Trichet's poisonous farewell to Weber
Frankfurter Allgemeine Zeitung points out that Jean-Claude Trichet could not help but send a last poisonous farewell greeting to Axel Weber who is now on his way to a teaching assignment in Chicago. The financial establishment assembled at the Frankfurt ceremony was too polite to mention explicitly the bitter public fight over the ECB's bond purchase program that opposed Trichet and Weber in the past 12 months. Trichet, however, delightfully explained that the ECB had engaged into another bond stabilization program of German Pfandbriefe, a financial product that dates back the Frederic the Great. In this issue of crucial importance to German economic interest Weber never raised any public doubts. So Trichet, who repeatedly referred to "lieber Axel" in German, added with visible pleasure: "I think we followed your advice on this."
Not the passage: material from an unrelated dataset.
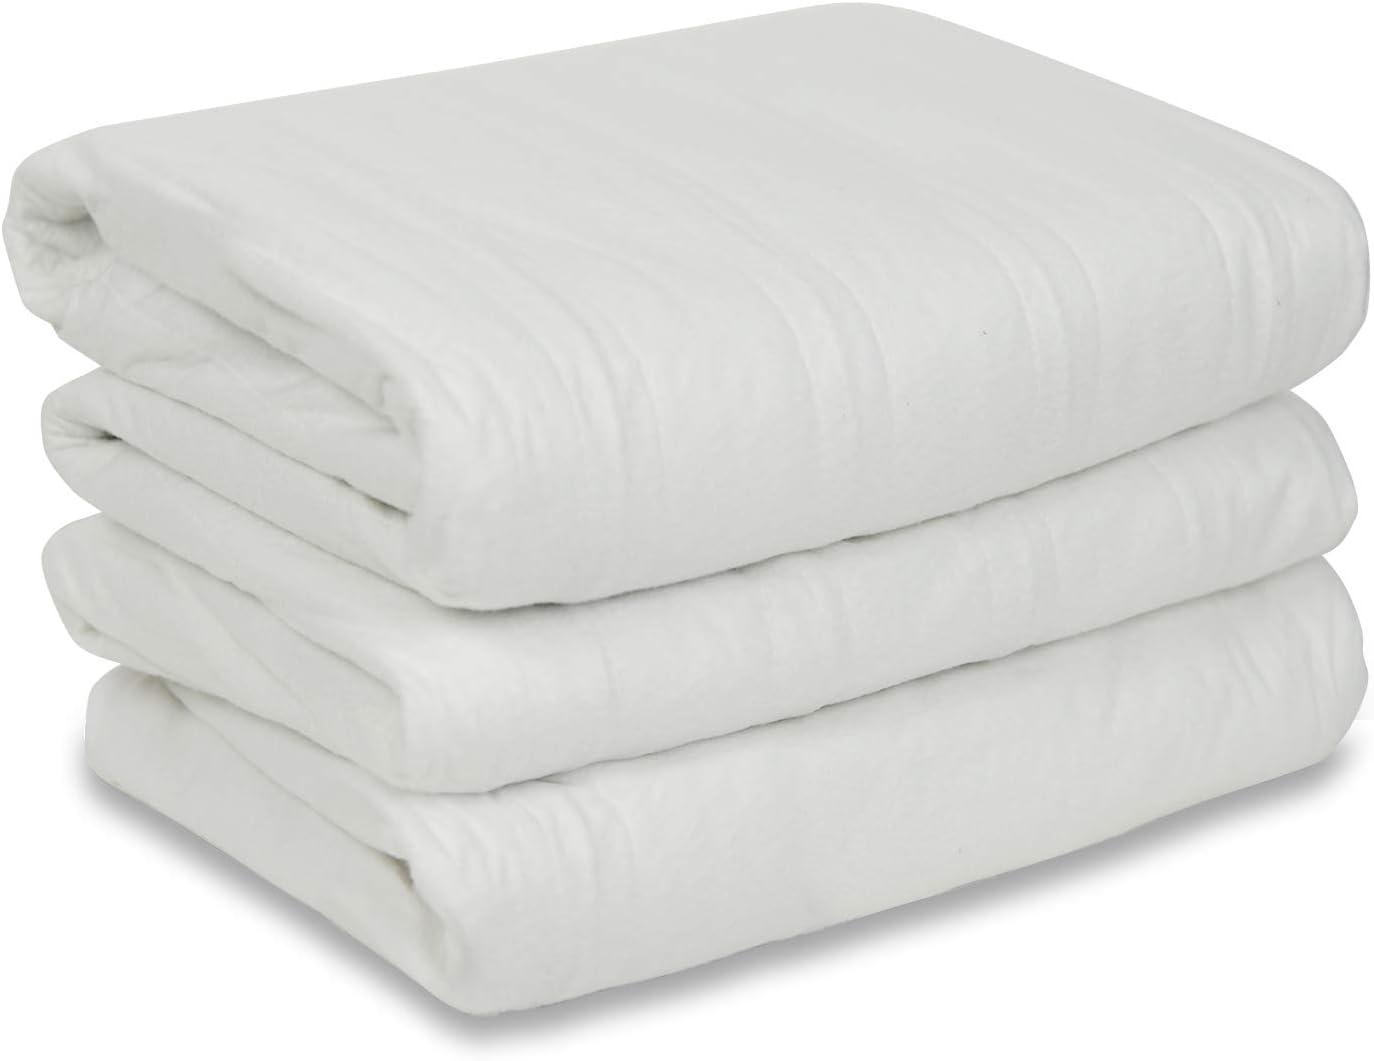 Sunbeam Heated Mattress Pad   Polyester, 10 Heat Settings,White , King - MSU1GKS-N000-11A00: Home & Kitchen

The idea that sovereign bond purchases need to be "sterilised" to prevent inflation illustrates that the ECB has a very peculiar concept of sovereign debt, in contrast to its idea of private debt. Consider the ECB's own covered bond ("Pfandbrief") programme. In May 2009, the ECB decided to buy up to 60bn of asset-backed bonds issued by Eurozone commercial banks, without much protest. A year later the mere suggestion that the ECB might purchase a comparable amount of sovereign debt was, and continues to be, met with hysteria. Some ECB council members went so far as to claim that secondary market purchases of sovereign bonds were prohibited by the Treaty - which is not true. The constituent rules of the eurozone appear to be based on the bizarre idea that sovereign debt is toxic until such time as it has been sanitized by going through the bid-offer spread of a major investment bank, while privately-issued covered bonds are pristine, even at issue.
The new central banker made it clear in his first speech that he will not deviate from the Bundesbank's stability culture.
While acknowledging that financial stability had become an important aim for central banks after the crisis he stressed that the primary goal remained prize stability. "On this point there must not be any compromises for central banks", he stressed.